Manual. If you'd rather edit the JSON directly, add this to claude_desktop_config.json:

  • macOS: ~/Library/Application Support/Claude/claude_desktop_config.json
  • Windows: %APPDATA%\Claude\claude_desktop_config.json
  • Linux: ~/.config/Claude/claude_desktop_config.json
{
  "mcpServers": {
    "vfl": {
      "command": "uv",
      "args": [
        "run",
        "--with", "fastmcp",
        "fastmcp",
        "run",
        "/absolute/path/to/velocity-fl/python/velocity/mcp_app.py"
      ],
      "env": {
        "VFL_USER_ID": "your_user_id"
      }
    }
  }
}

Replace the path with the absolute location of mcp_app.py on your machine, and set VFL_USER_ID if you want explicit per-user scoping for memory and runs (otherwise it falls back to the shell user of the spawning process). Restart Claude Desktop after editing.

HTTP transport (local inspection, browser-based MCP tooling)

For local debugging, the MCP Inspector, or any HTTP-speaking client:

uv run fastmcp run python/velocity/mcp_app.py --transport http --port 8765

This binds an HTTP server on localhost:8765. The MCP Inspector at http://localhost:6274 connects to http://localhost:8765/mcp by default, which is useful for poking at tool schemas, running tools by hand, and watching the request/response wire format before adding tools to Claude Desktop.

Do not use HTTP transport with Claude Desktop. Claude Desktop expects stdio for local servers; HTTP is for the Inspector and remote-server experiments.

Tool surface

The mcp_app.py server exposes vFL's experiment management, strategy lookup, run recording, and (in the planned run_demo real-training successor) federated round triggering. Every tool call is logged to the agent_actions audit table per the design contract in mcp_app.py.

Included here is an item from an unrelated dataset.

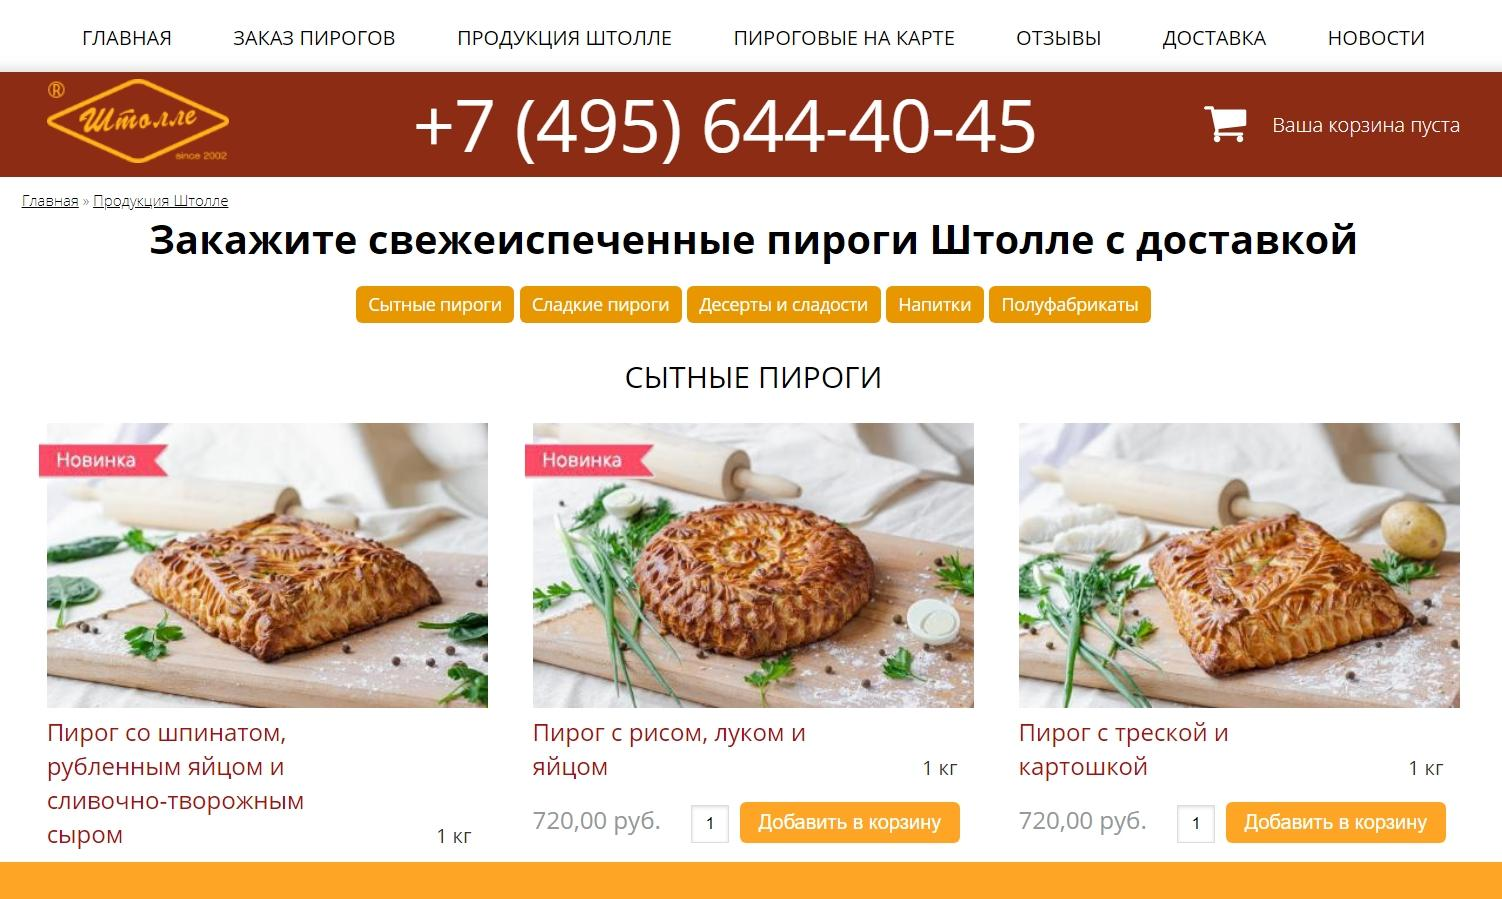 Страница заказа доставки пирогов

Several of these tools return interactive Prefab dashboards (charts, sortable tables, attack-defense leaderboards) rather than raw JSON, and mcp.add_provider(GenerativeUI()) lets the LLM compose custom UIs at call time inside a Pyodide sandbox. See MCP Apps for the dashboard catalog, the fastmcp dev apps local preview, the Deno prerequisite for the generative path, and the attack-arena demo data lineage.

research(2026-05): manual mcpServers block + the fastmcp install claude-desktop CLI are both current per gofastmcp.com 2026-05. The --with fastmcp arg keeps the spawned subprocess hermetic even outside this repo's uv environment; drop it if you'd rather have Claude Desktop spawn from the project venv.